BEGIN PROVIDED MATERIAL

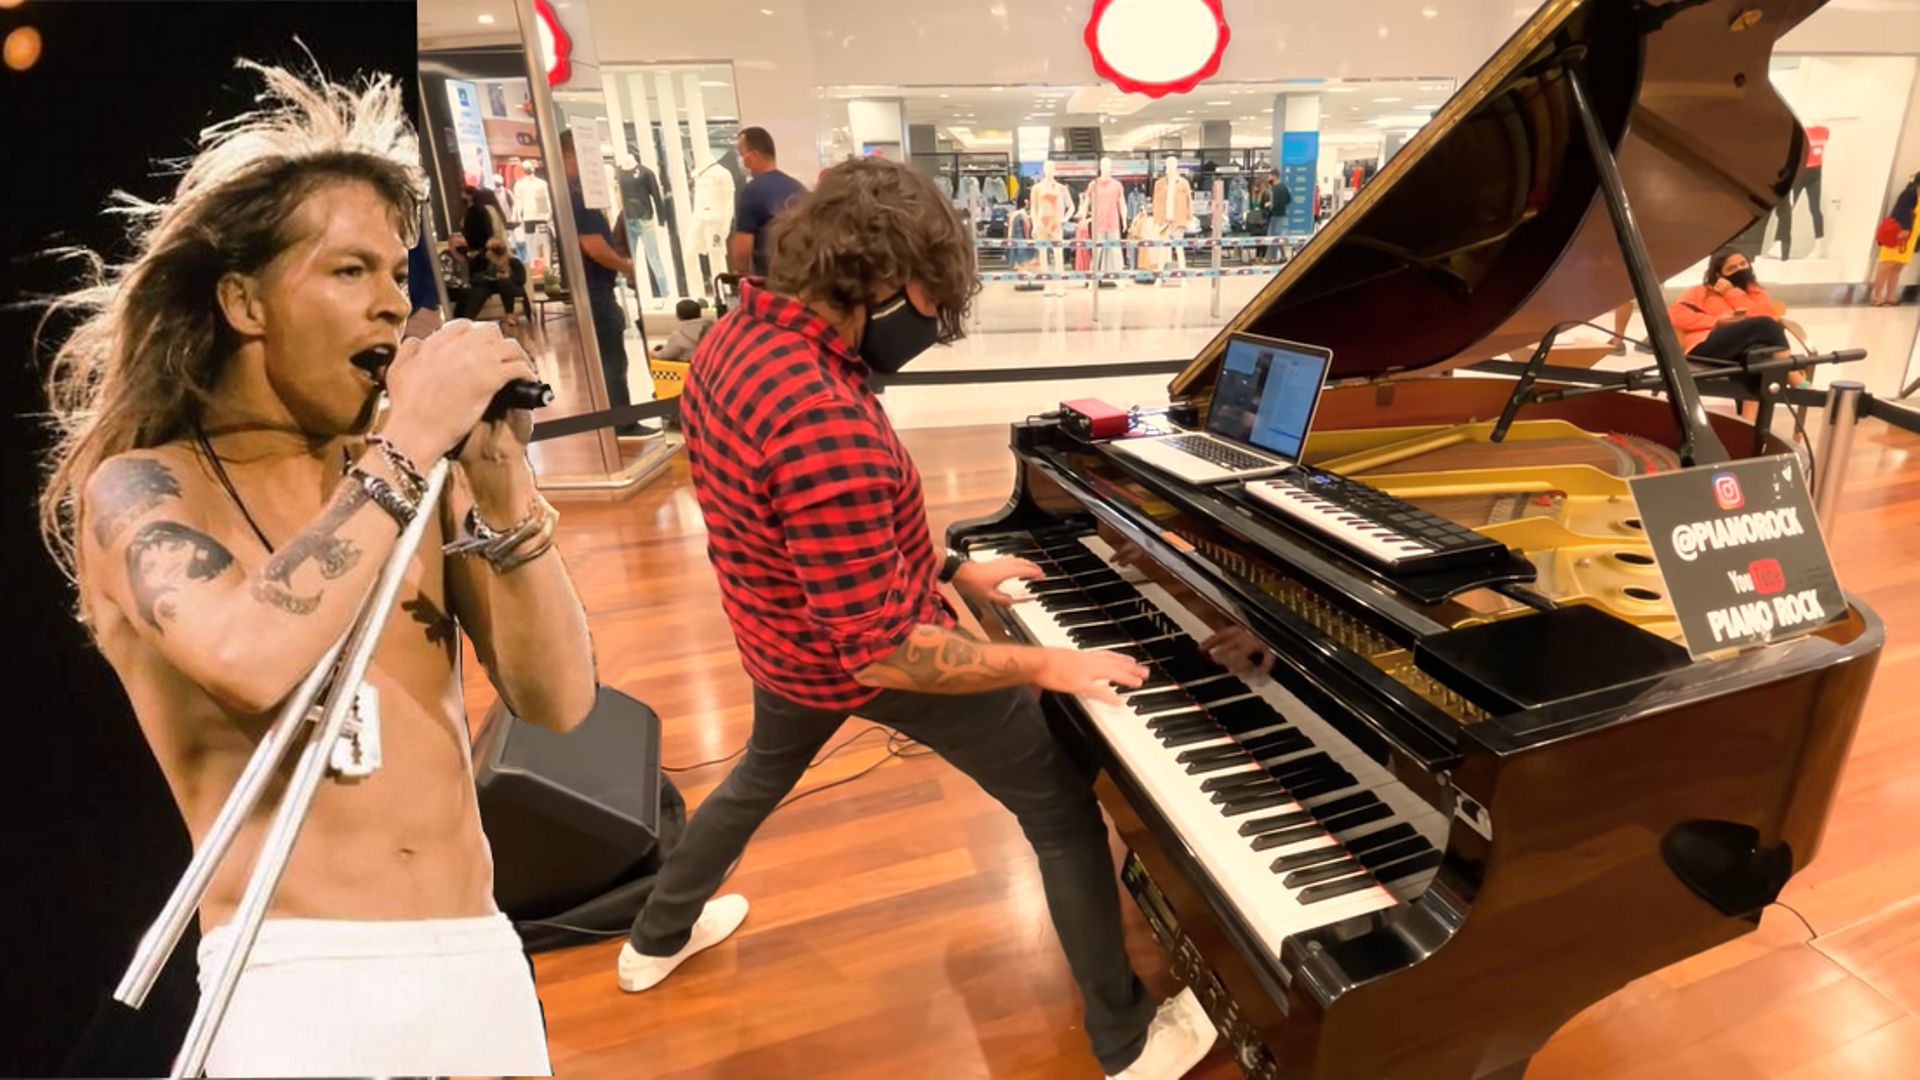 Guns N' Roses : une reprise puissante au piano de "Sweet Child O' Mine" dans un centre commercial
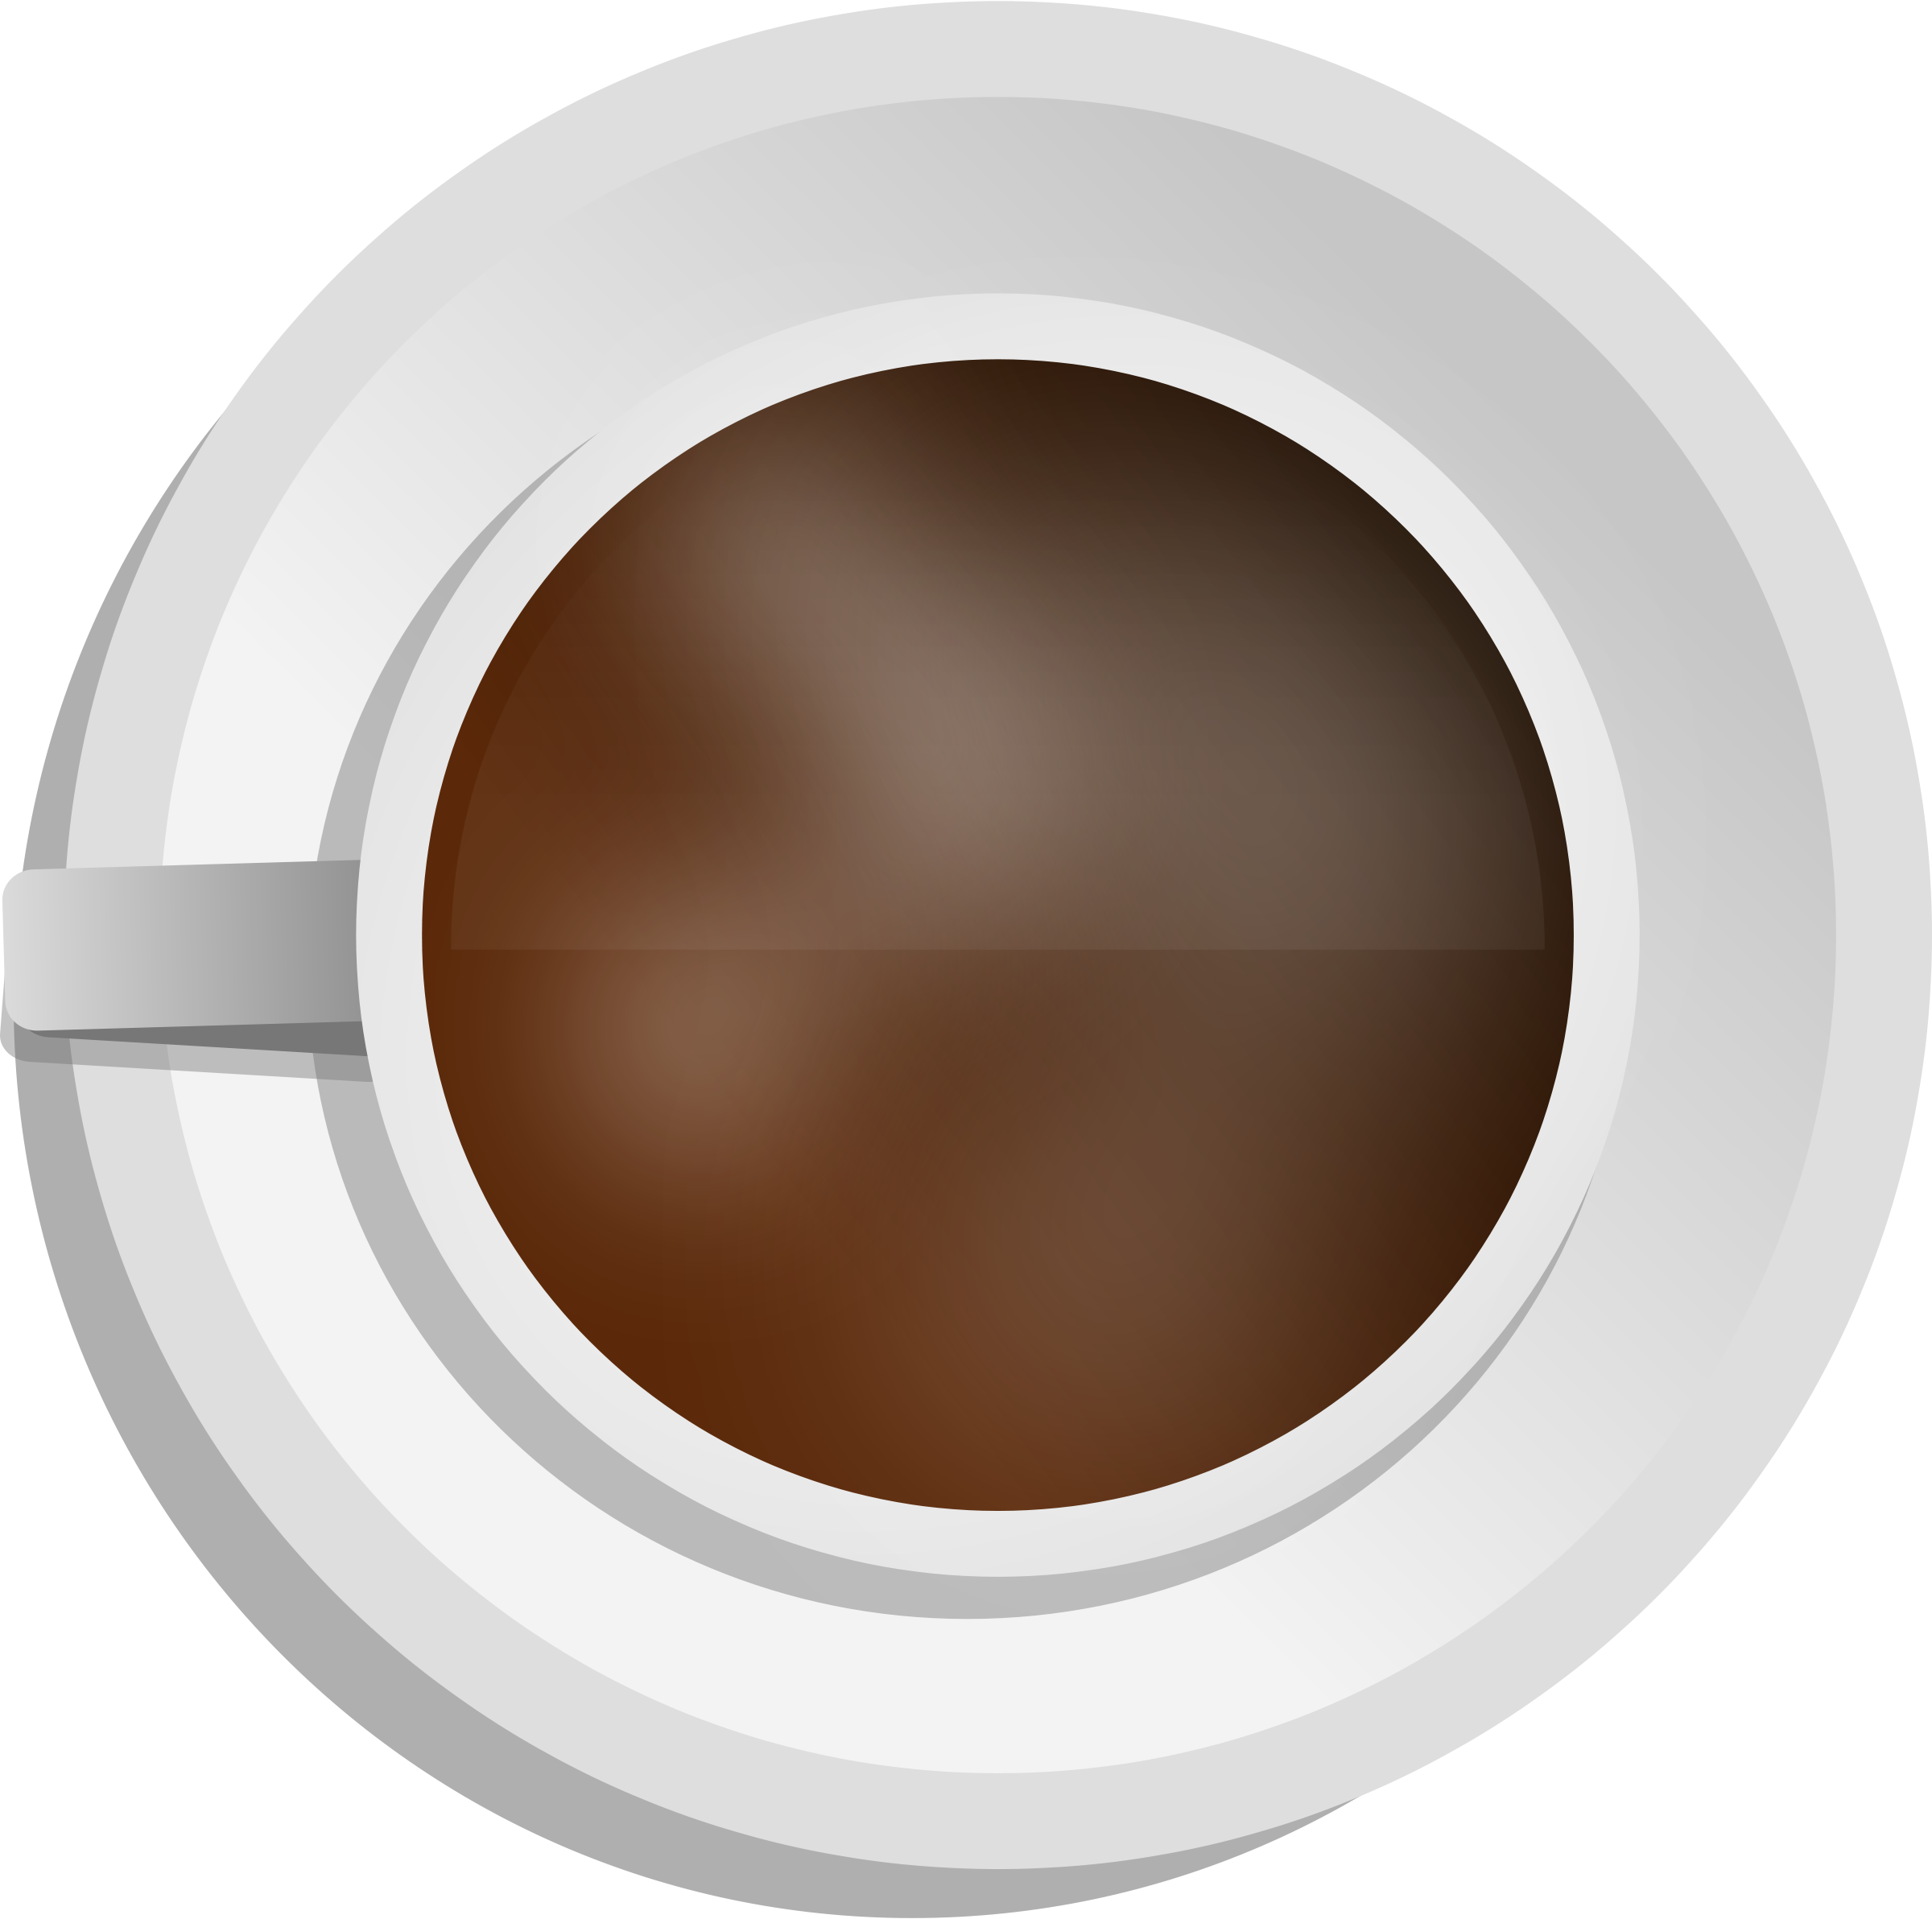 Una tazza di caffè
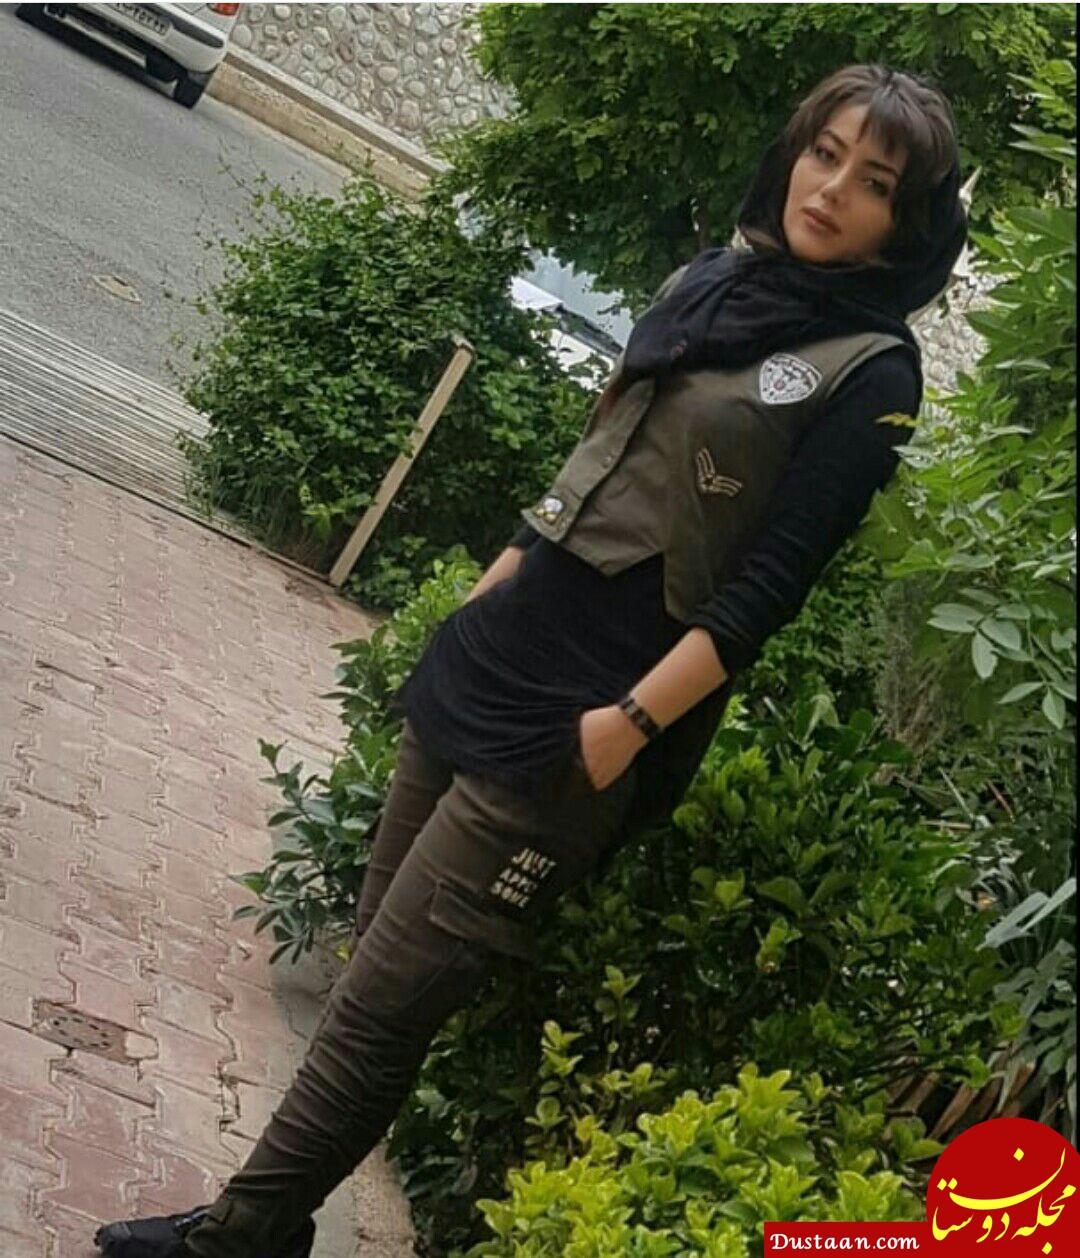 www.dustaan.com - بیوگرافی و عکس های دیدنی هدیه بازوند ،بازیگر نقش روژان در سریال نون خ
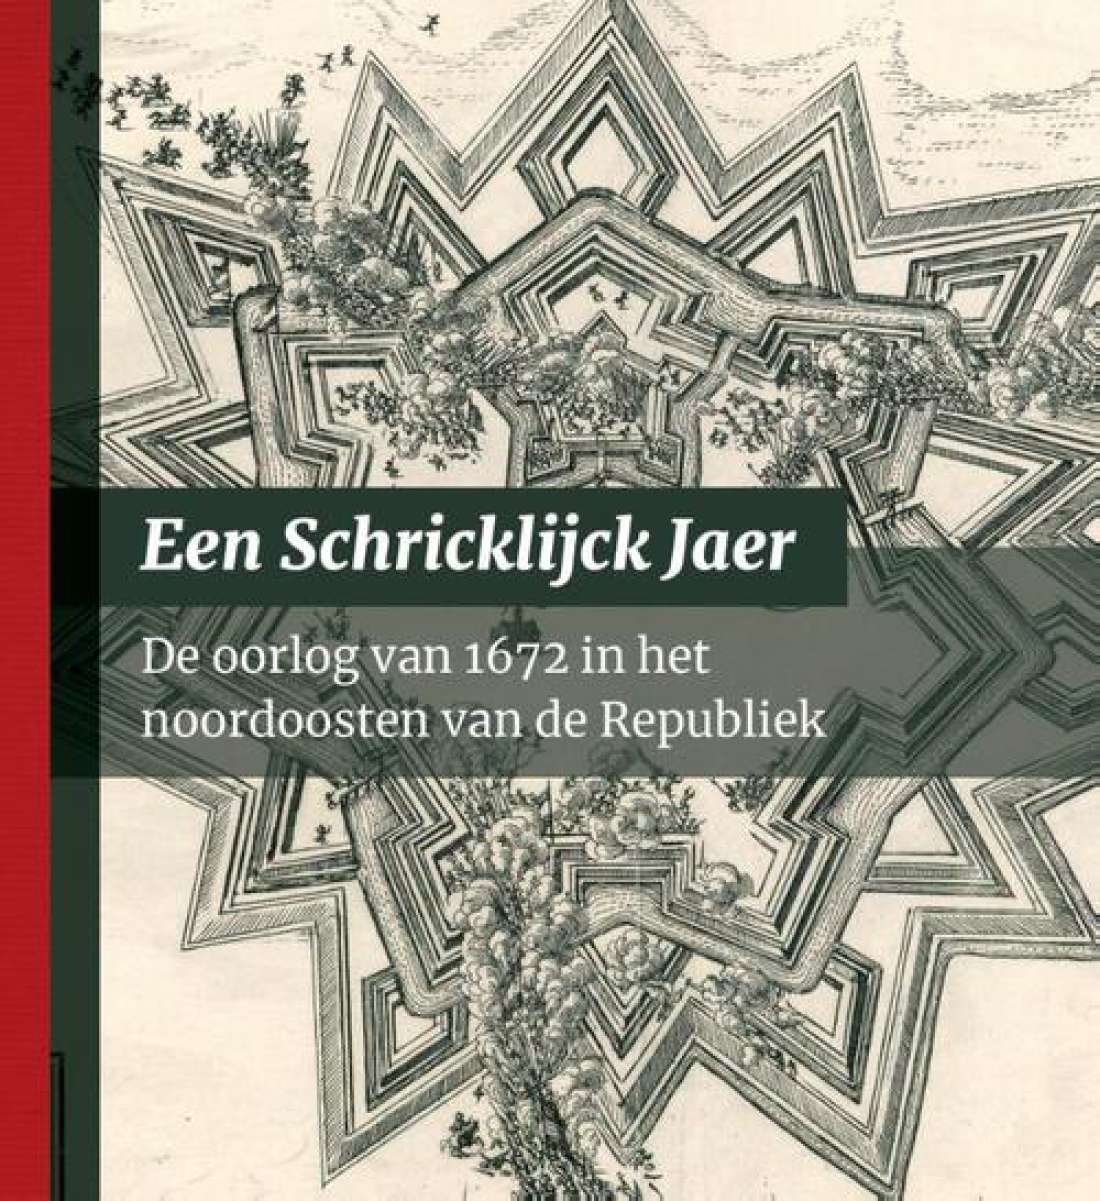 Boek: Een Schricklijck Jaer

END PROVIDED MATERIAL

= BRIEF =
Quote exactly the lines from the one that contains "Una tazza di caffè" through the end of the listing above, both ends included, leaving out the pictures.

= WRITTEN REPLY =
 Una tazza di caffè
 www.dustaan.com - بیوگرافی و عکس های دیدنی هدیه بازوند ،بازیگر نقش روژان در سریال نون خ
 Boek: Een Schricklijck Jaer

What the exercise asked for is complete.